Re: [PATCH] acpi: apei: call into AER handling regardless of severity

From: Baicar, Tyler
Date: Wed Aug 30 2017 - 11:42:18 EST


On 8/30/2017 9:31 AM, Sinan Kaya wrote:
On 8/30/2017 11:16 AM, Borislav Petkov wrote:
On Wed, Aug 30, 2017 at 10:05:44AM -0400, Sinan Kaya wrote:
Link reset is not the only recovery mechanism. In the case of nonfatal
errors, it is assumed that the endpoint CSR is still reachable.
Error is propagated the PCIe endpoint driver. Endpoint driver does a
re-initialization, we are back in business.
I'm assuming that's broadcast_error_message()'s job.

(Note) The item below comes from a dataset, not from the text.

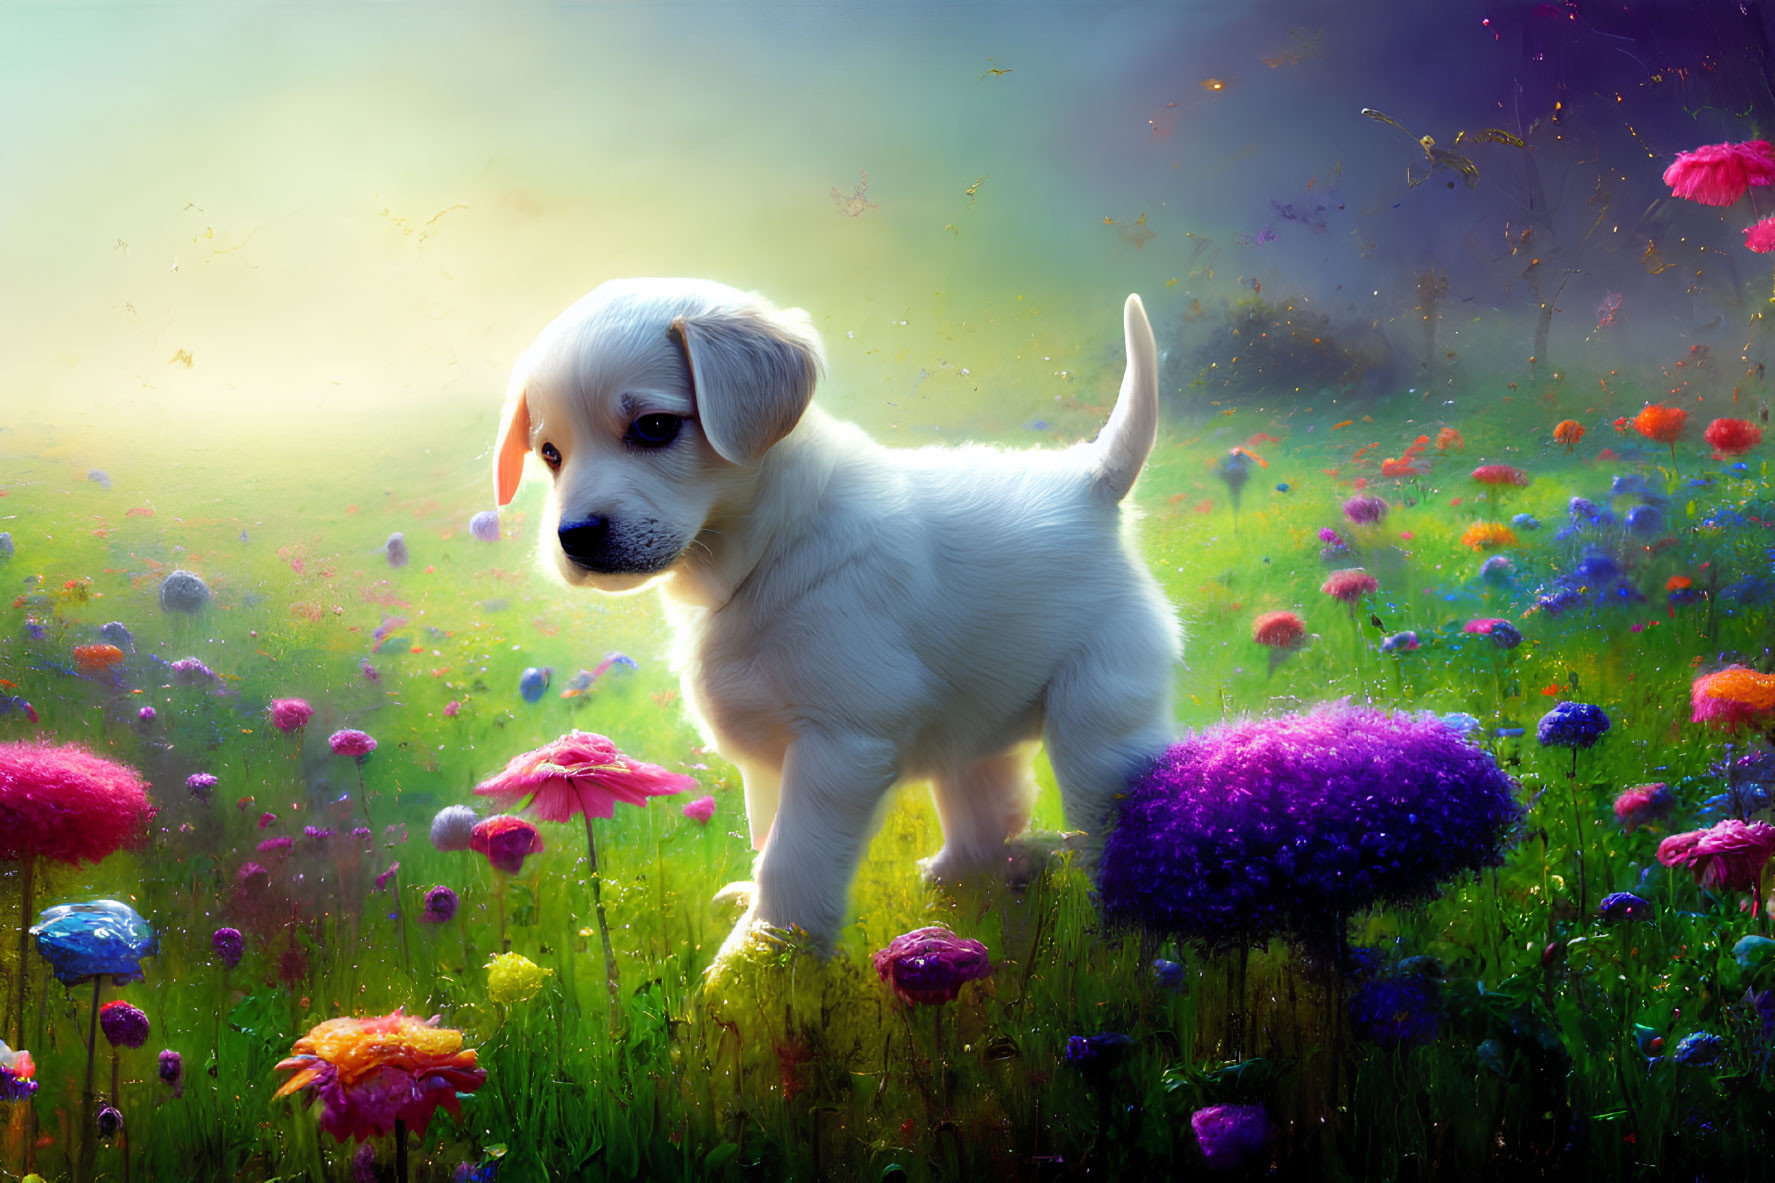 Playful puppy in vibrant meadow with colorful flowers and dreamy sky

That's right. Each driver provides an err_handler hook. broadcast function
calls these.

static struct pci_driver e1000_driver = {
..
.err_handler = &e1000_err_handler
};

struct pci_error_handlers {
...
pci_ers_result_t (*error_detected)(struct pci_dev *dev,
enum pci_channel_state error);
}


That's not true. The GHES code is changing the severity here before posting
to the AER driver in ghes_do_proc().

if (gdata->flags & CPER_SEC_RESET)
aer_severity = AER_FATAL;
You're missing the point that we would walk into that if branch *only* for

if (sev == GHES_SEV_RECOVERABLE &&
sec_sev == GHES_SEV_RECOVERABLE

severities. So if you have an AER_FATAL error but ghes severities are
not GHES_SEV_RECOVERABLE, nothing happens.
I see. We should probably try to do something only if GHES_SEV_CORRECTED or
GHES_SEV_RECOVERABLE.

If somebody wants to crash the system with GHES_SEV_PANIC, there is no point
in doing additional work.
See below.
No, AER ISR is not set up if firmware first is enabled.
So then this is a major suckage. We do AER recovery on FF systems only
for GHES_SEV_RECOVERABLE severity.

The behavior should match non firmware-first case ideally.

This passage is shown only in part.